As hardware progresses and its utilization increases, the information it generates must be gathered and stored. Recordings must be organized to be tracked over time. This requires electronic storage associated with each patient.

  1. Dynamical systems theory

The basic idea behind the theory, Bosl explains, is that systems — a collection of components that are connected in some way — change over time.

“A dynamical system, this network of components, changes according to some rule or function or law,” he said. “It turns out that the brain is, in fact, a dynamical system, a complex dynamical system, according to the fundamental definition of a dynamical system. Neurons are the fundamental components. The patterns of electrical fields of the brain generated by neurons change continuously in time.”

EEG recordings contain much more information than previously realized, Bosl said, and algorithms that come out of this theory tell us how to access it.

“There’s much more information about the brain than is currently being used,” he said. “Much of that, we’re starting to show, is relevant to all sorts of brain disorders, from psychiatric and mental disorders, neurodevelopmental disorders, to more traditional neurological disorders.”

  1. Artificial intelligence and machine learning

Advancements in AI allow us to find patterns within the complicated data EEG recordings generate.

“Dynamical systems theory, in principle, gives us all kinds of information about the brain, but it’s complicated. It’s a pile of numbers,” Bosl said. “It’s difficult for us to look at it and with our eyes make sense of it. But that’s what machine learning can help us to do. It can find patterns in that.”

Don’t worry about job displacement

Technological advancements in the neurodiagnostic field are not likely to create job displacement. If anything, Bosl says, it will create rapid expansion.

“But there is work to be done first,” he says.

In his keynote address, Bosl compared those working in the industry today to the “computers” from the early days of NASA. Unlike today’s machines, NASA’s computers in the 1950s were humans who would perform arithmetic on a card and pass it along to the next human computer.

When today’s computers displaced the professionals who performed computations by hand, those individuals recognized an opportunity: They possessed the skill set to program the new machines.

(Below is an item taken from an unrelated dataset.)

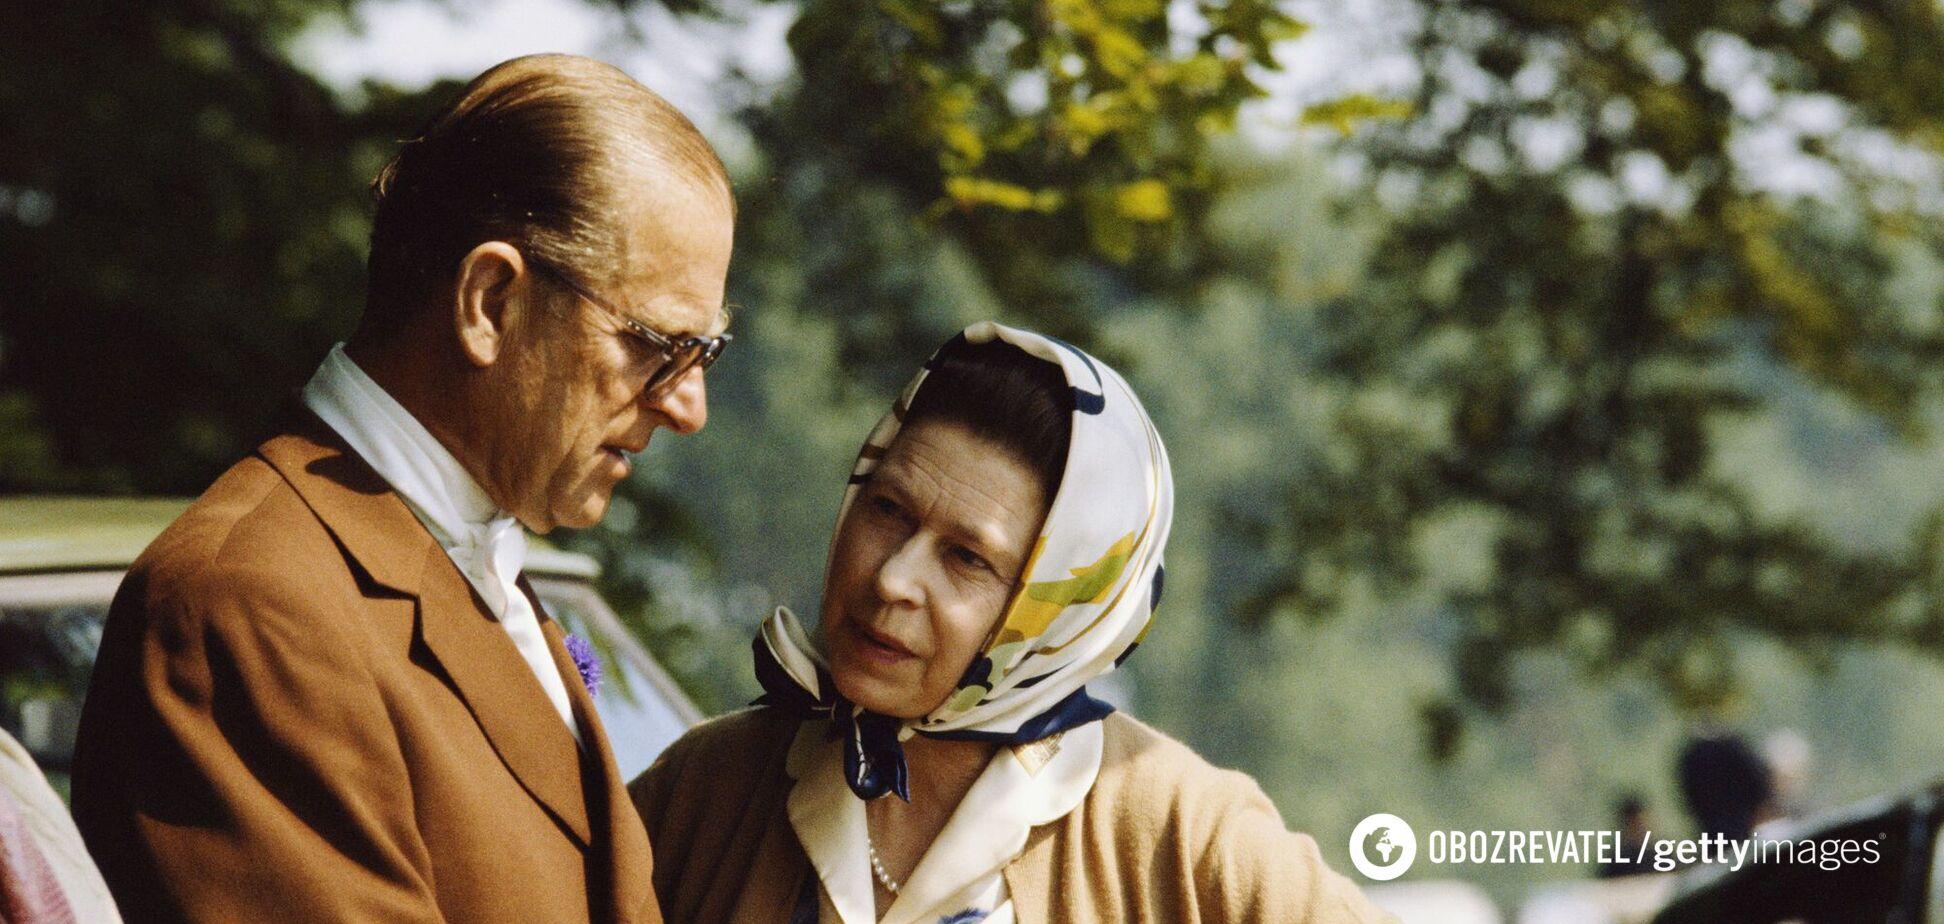 Елизавета II показала свое любимое фото с принцем Филиппом на их «счастливом месте»
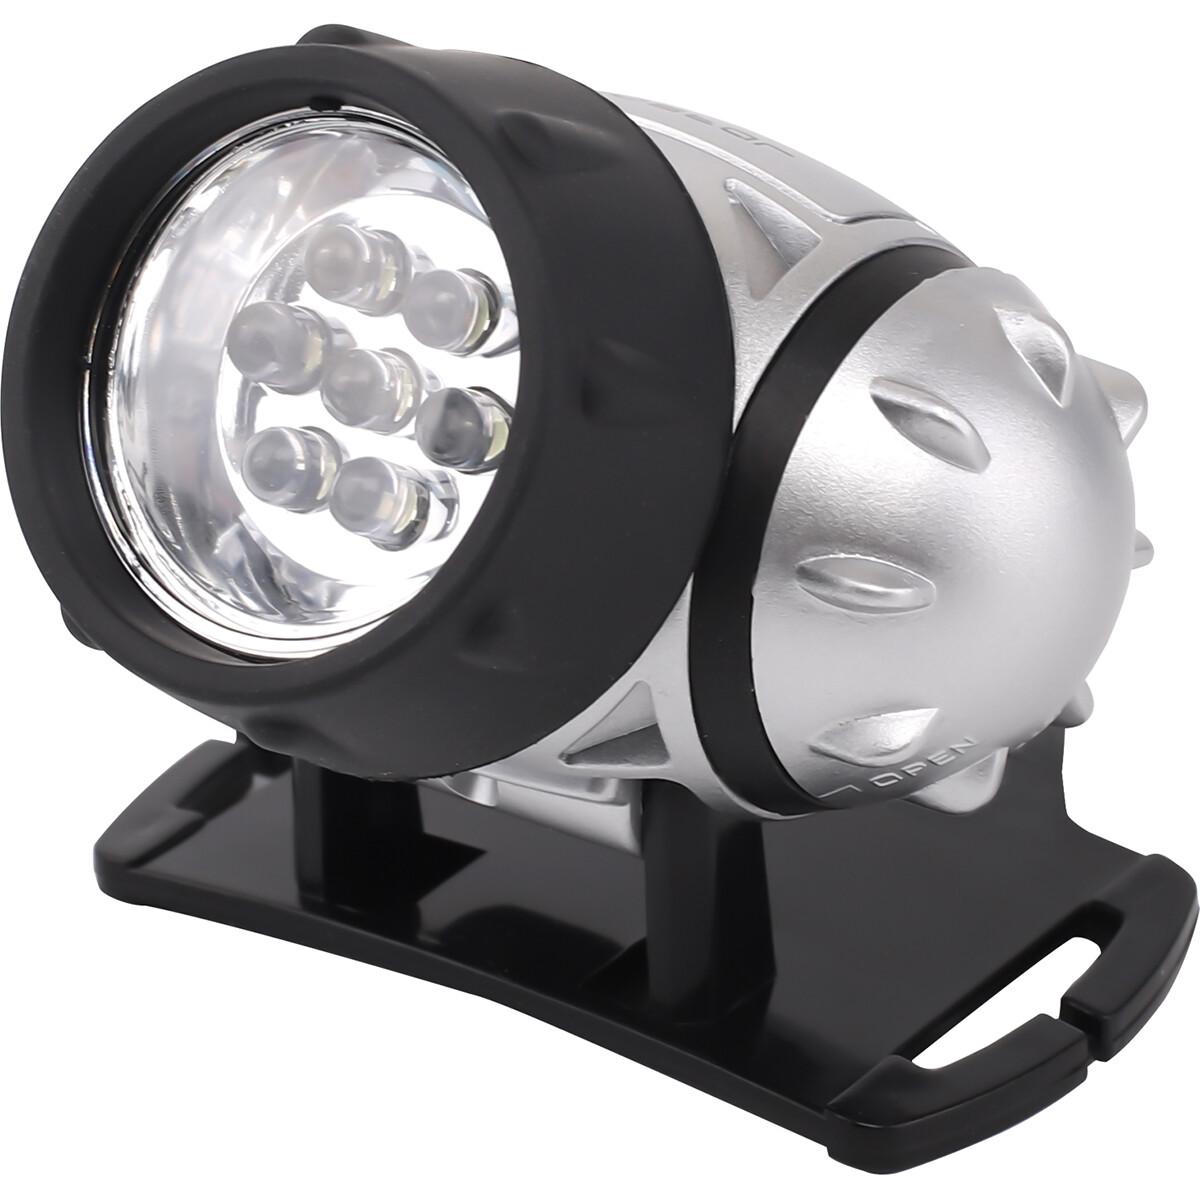 LED Hoofdlamp - Aigi Heady - Waterdicht - 20 Meter - Kantelbaar - 7 LED's - 0.54W - Zilver | Vervang

They became the first generation of computer programmers — a profession far more numerous today than human computers were at the time.

“A new field developed called computer science that wasn’t just math. It wasn’t physics or engineering or any of those things, but it had elements of all of them,” Bosl said. “I see the analogy for neurodiagnostic technology to develop a new science of neurodiagnostics, which integrates all the technologies I talked about, but is more than any one of them.”

Adding ‘routine measurements into routine care’

Similar to how most doctor appointments include a blood pressure check, Bosl makes the case for incorporating regular brain scans into different areas of care. Doing so, however, is not currently easy and will require considerable research to develop and implement the algorithms and electronic health record infrastructure.

“There are bugs to be worked out,” he says. “Another big challenge is, how do we save that data with the patient medical record? New-generation EEG devices can wirelessly send data to a file at a nearby laptop over Bluetooth connections. Great. Well, a doctor doesn’t have time to fool around with this laptop now and copy the files over to an EHR. So, somebody’s going to have to figure out, implement software to make all this happen automatically, and save the data somewhere. Where does it get saved? How is it transferred? What are the data formats? There are a lot of nitty-gritty details.”

For this to become practical, Bosl adds, we must develop the aforementioned machine-learning algorithms to interpret the copious amounts of data routine scans would generate.

Then, the results have to be presented to clinicians and patients in a way that is appropriate for the audience. Neurodiagnostic technologists can contribute to all of this.